## Accessing Esri 10m Land Use/Land Cover data with the Planetary Computer STAC API

This dataset contains global estimates of 10-class land use/land cover for 2020, derived from ESA Sentinel-2 imagery at 10m resolution. In this notebook, we'll demonstrate how to access and work with this data through the Planetary Computer.

### Environment setup

This notebook works with or without an API key, but you will be given more permissive access to the data with an API key.
The [Planetary Computer Hub](https://planetarycomputer.microsoft.com/compute) is pre-configured to use your API key.

In [1]:
import dask.distributed
from matplotlib.colors import ListedColormap
import pystac_client
from pystac.extensions.projection import ProjectionExtension as proj

import cartopy.crs as ccrs
import matplotlib.pyplot as plt
import numpy as np
import pandas as pd
import planetary_computer
import rasterio
import rasterio.features
import stackstac

# Set the environment variable PC_SDK_SUBSCRIPTION_KEY, or set it here.
# The Hub sets PC_SDK_SUBSCRIPTION_KEY automatically.
# pc.settings.set_subscription_key(<YOUR API Key>)

### Data access

The datasets hosted by the Planetary Computer are available from [Azure Blob Storage](https://docs.microsoft.com/en-us/azure/storage/blobs/). We'll use [pystac-client](https://pystac-client.readthedocs.io/) to search the Planetary Computer's [STAC API](https://planetarycomputer.microsoft.com/api/stac/v1/docs) for the subset of the data that we care about, and then we'll load the data directly from Azure Blob Storage. We'll specify a `modifier` so that we can access the data stored in the Planetary Computer's private Blob Storage Containers. See [Reading from the STAC API](https://planetarycomputer.microsoft.com/docs/quickstarts/reading-stac/) and [Using tokens for data access](https://planetarycomputer.microsoft.com/docs/concepts/sas/) for more.

In [2]:
catalog = pystac_client.Client.open(
    "https://planetarycomputer.microsoft.com/api/stac/v1",
    modifier=planetary_computer.sign_inplace,
)

### Select a region and find data items

We'll pick an area surrounding Manila, Philippines and use the STAC API to find what data items are avaialable. We won't select a date range since this dataset contains items from a single timeframe in 2020.

In [3]:
area_of_interest = {
    "type": "Polygon",
    "coordinates": [
        [
            [120.88256835937499, 14.466596475463248],
            [121.34948730468749, 14.466596475463248],
            [121.34948730468749, 14.81737062015525],
            [120.88256835937499, 14.817370620155254],
            [120.88256835937499, 14.466596475463248],
        ]
    ],
}

In [4]:
search = catalog.search(collections=["io-lulc"], intersects=area_of_interest)

# Check how many items were returned
items = search.item_collection()
print(f"Returned {len(items)} Items")

Returned 4 Items


We found 4 items that intersect with our area of interest, which means the data we want to work with is spread out over 4 non-overlapping GeoTIFF files stored on blob storage.

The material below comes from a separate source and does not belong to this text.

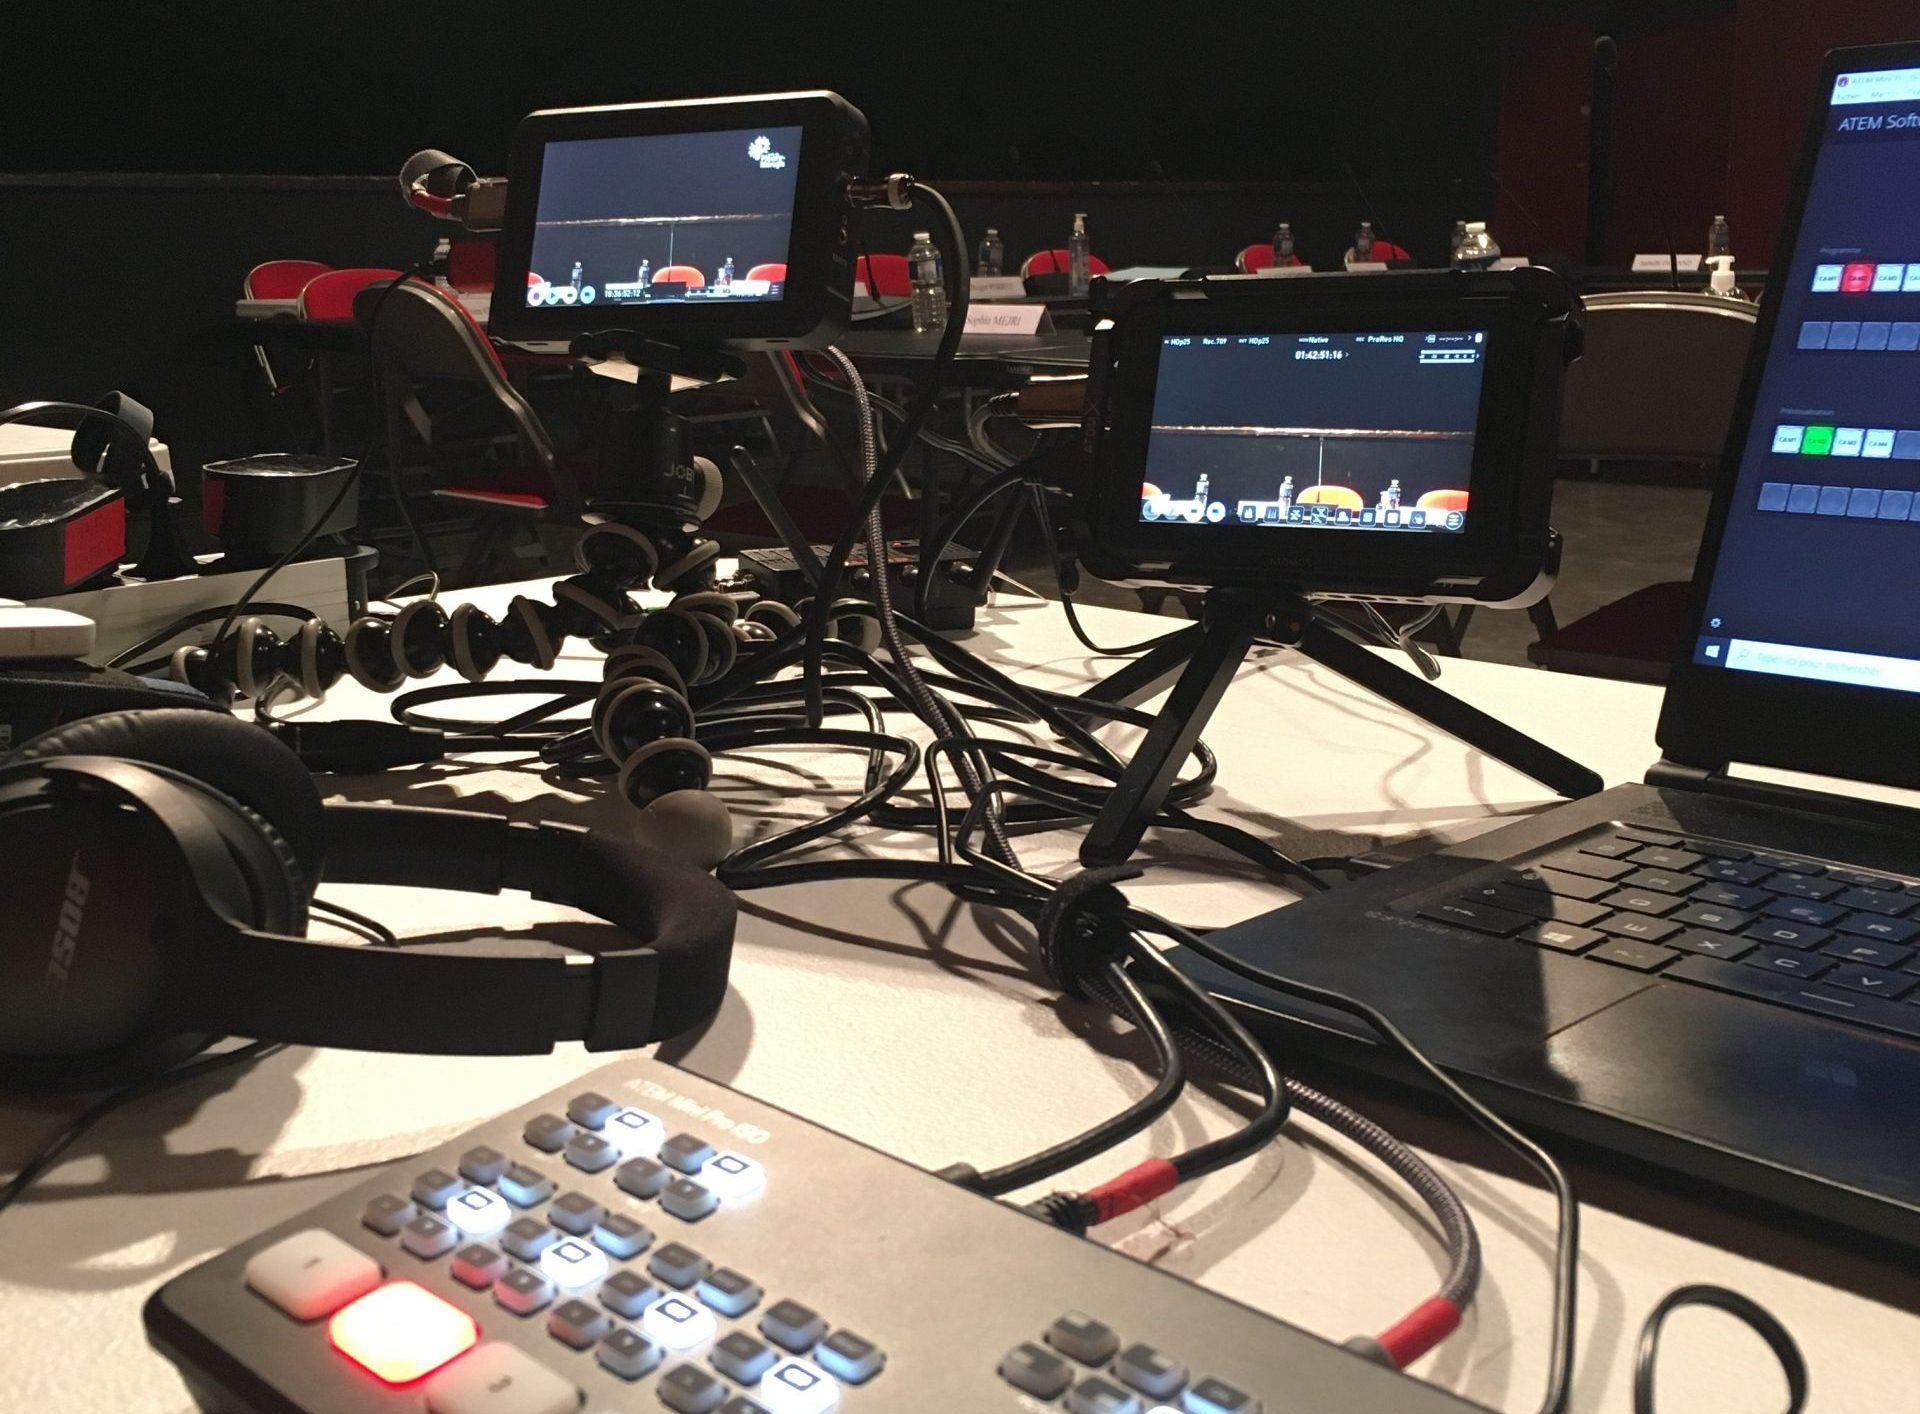 studio-podcast-audio-regie-video-live-bordeaux-xaleo-leo-meslet
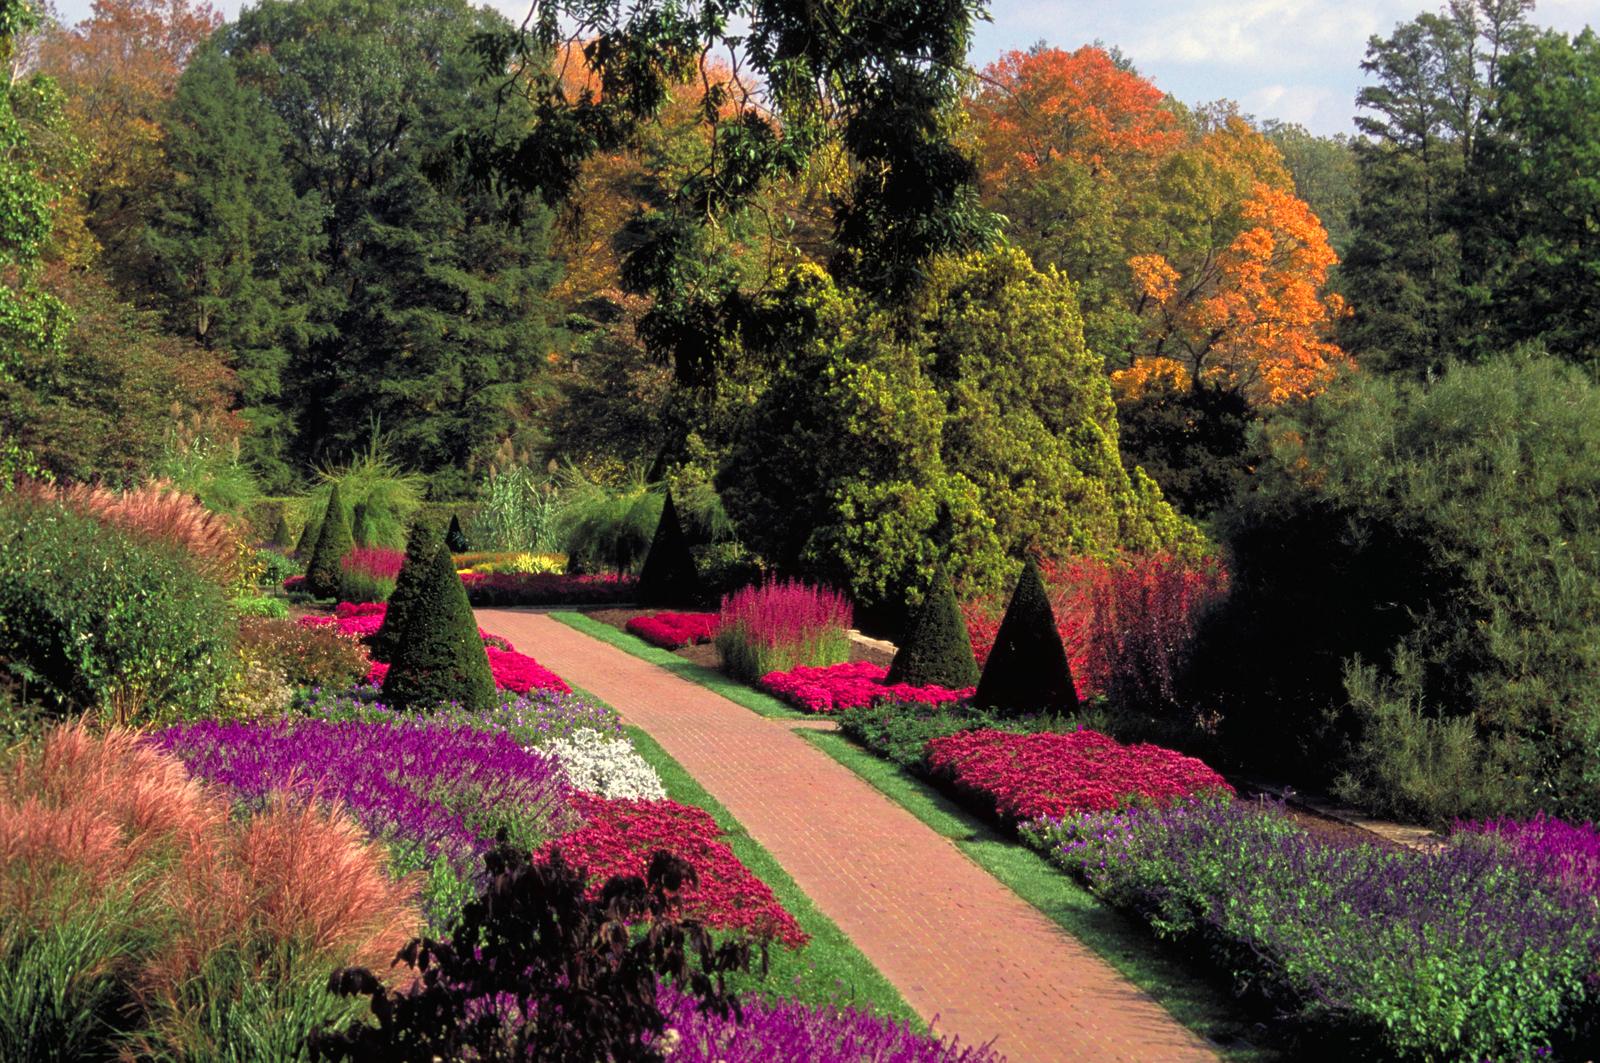 Brandywine Valley Scenic Byway - Autumn Walk in the Longwood Gardens

In order to merge them together, we could open each item, clip to the subset of our AoI, and merge them together manually with rasterio. We'd also have to reproject each item which may span multiple UTM projections. 

Instead, we'll use the [stackstac](https://stackstac.readthedocs.io/en/latest/) library to read, merge, and reproject in a single step - all without loading the rest of the file data we don't need.

In [5]:
# The STAC metadata contains some information we'll want to use when creating
# our merged dataset. Get the EPSG code of the first item and the nodata value.
item = items[0]
epsg = proj.ext(item).epsg
nodata = item.assets["data"].extra_fields["raster:bands"][0]["nodata"]
bounds_latlon = rasterio.features.bounds(area_of_interest)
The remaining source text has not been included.